I'm going to try to lj-cut the spoilers-- I don't know if it will work in a comment.


Prince Stupid (part 2 of the Idiots of Narnia): the entire plot depends on Prince Caspian totally screwing up an attack on the enemy castle because he insists on being stupid and doing things that could totally be done later not once, but twice. It's helped along by High King Peter the Moronic being too busy being annoyed with Caspian and trying to one-up him that he's unable to adapt a plan to the fact that Caspian is crazy and stupid. Having been really stupid for a while, they then return to their base, so Caspian can advance the plot by being stupid in an entirely different way. Also, the whole plot relies on the fact that Peter the Moronic and Susan the Inconsistently Dumb decide that the logical conclusion is that Aslan has abandoned them and that Lucy is lying or delusional. This seems, shall we say, ridiculous after the first book/movie. Indeed, Edmund the Making-up-for-last-time points out explicitly, last time I didn't listen to Lucy, I ended up looking stupid, but to no avail. Yes, they're kids. But they're also the Kings and Queens of Narnia of legend, who ruled for more than a decade and still remember that all. Feh.

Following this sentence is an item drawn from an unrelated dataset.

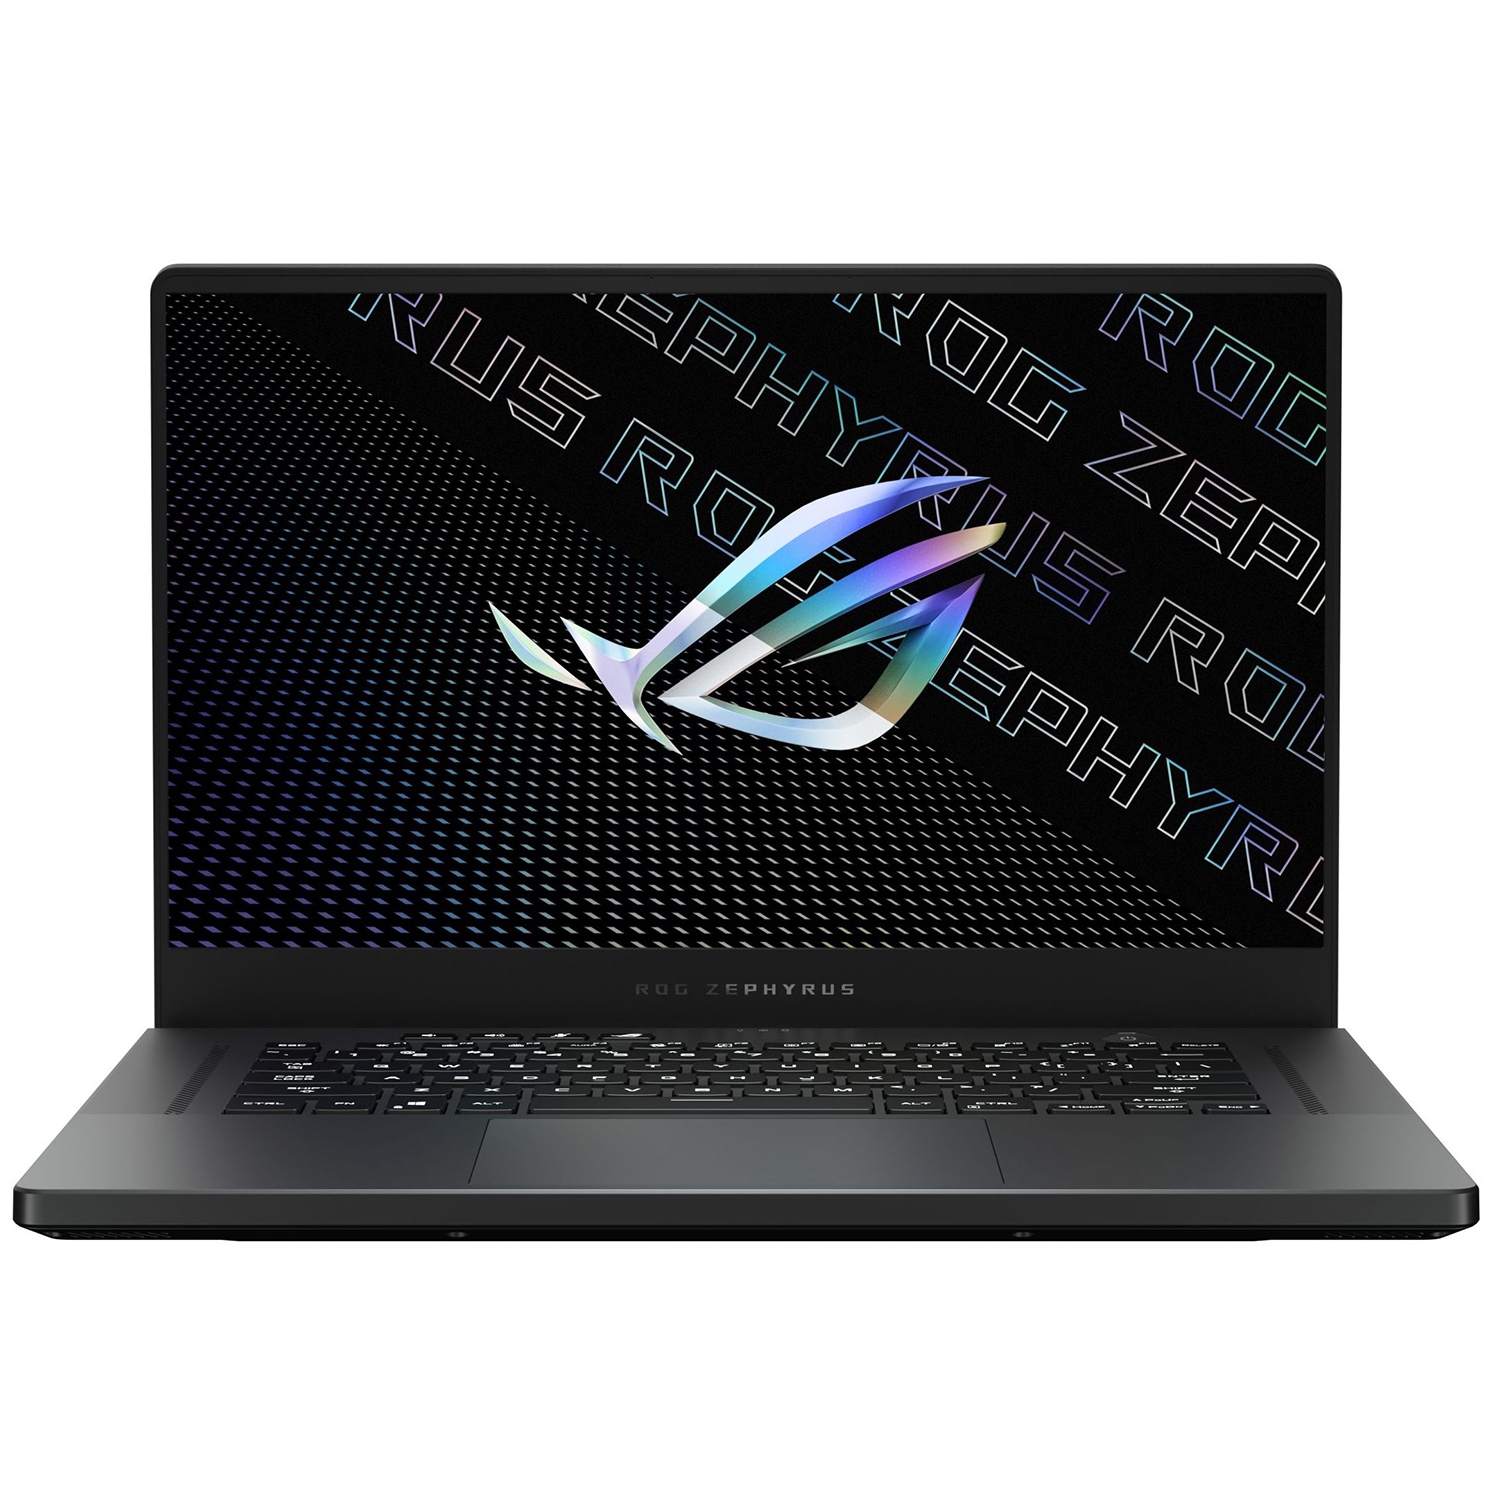 Custom ASUS ROG Zephyrus G15 Laptop (AMD Ryzen 9 5900HS, 40GB RAM, 1TB PCIe SSD, NVIDIA RTX 3060, Win 10 Home)

The morality really bugged me. They slaughter vast numbers of faceless human soldiers, apparently without remorse or qualms. (And I don't mean cause to be killed in battle-- they personally stab them, shoot them full of arrows, and lop off their heads.) I'm okay with that-- it's a war after all. But when they're confronted with the people who are directly responsible for all of this-- practically moustache twirling over the top villains, who really are directly comparable to Hitler and the head of the SS, up to and including plotting genocide-- then they are all about mercy and unwilling to kill and all of that. Apparently, having a face and a name makes you matter. Indeed, not one of the named villains whose faces we see gets killed by our heroes. As for all of the regular soldiers (and their horses, which given that this is Narnia matter)-- the Kings and Queens care more about a single feral bear than all of the human soldiers put together (literally). This really upset me, especially because our heroes, who are portrayed as being people whose morality we care about, slaughter vast numbers of soldiers whose principal mistake was to be born into the system of the enemy.

To be continued...


[identity profile] hca.livejournal.com 2008-05-18 09:30 pm (UTC)(link)
Heya -

So I'm just getting back from a weekend away, which means I don't have time now to get into a good comment to this post (or all of the other comments I want to make to other posts, either) -

But I'm wildly curious to ask. There's quite a lot about Narnia that I loved at ages 7-8, and quite a lot that I still do love, more perhaps because it touches a warm place in the center of my chest than because Mr. Lewis reflects my own intellectual views. And Reepicheep is indeed one of the things about Narnia that I still love - and I was just wondering, why you thought I would? Because he's a gallant knight with all the mannerisms, or because he sets himself a Grail quest, or because he achieves it? Or because I like Eddie Izzard enough to haul ass to New York to see him? Just wondering. It's always interesting to find out which of your personality traits shine brightest to the people watching.

It's actually Edmund who is my favorite character - in great part because of one line in Horse: "Even a traitor may mend. I have known one that did."

(Although I wanted to be Lucy when I was seven, of course. And the older I get, the more I respect Peter and Tirian for wading right into battles they can't win, because they are battles that must be fought. Say what you want about the ultimate message of Last Battle, and I do have issues with it - Tirian fights a losing battle against evil forces with everything he has and in every way he can. On the beaches, on the landing grounds, in the fields and in the streets and on the hills...)

Right, so it is in fact totally impossible for me to not wade into Narnia, even when I really don't have time to do it justice. Argh! Sorry for cluttering your comments with half-formed thoughts! What was it about Reepicheep?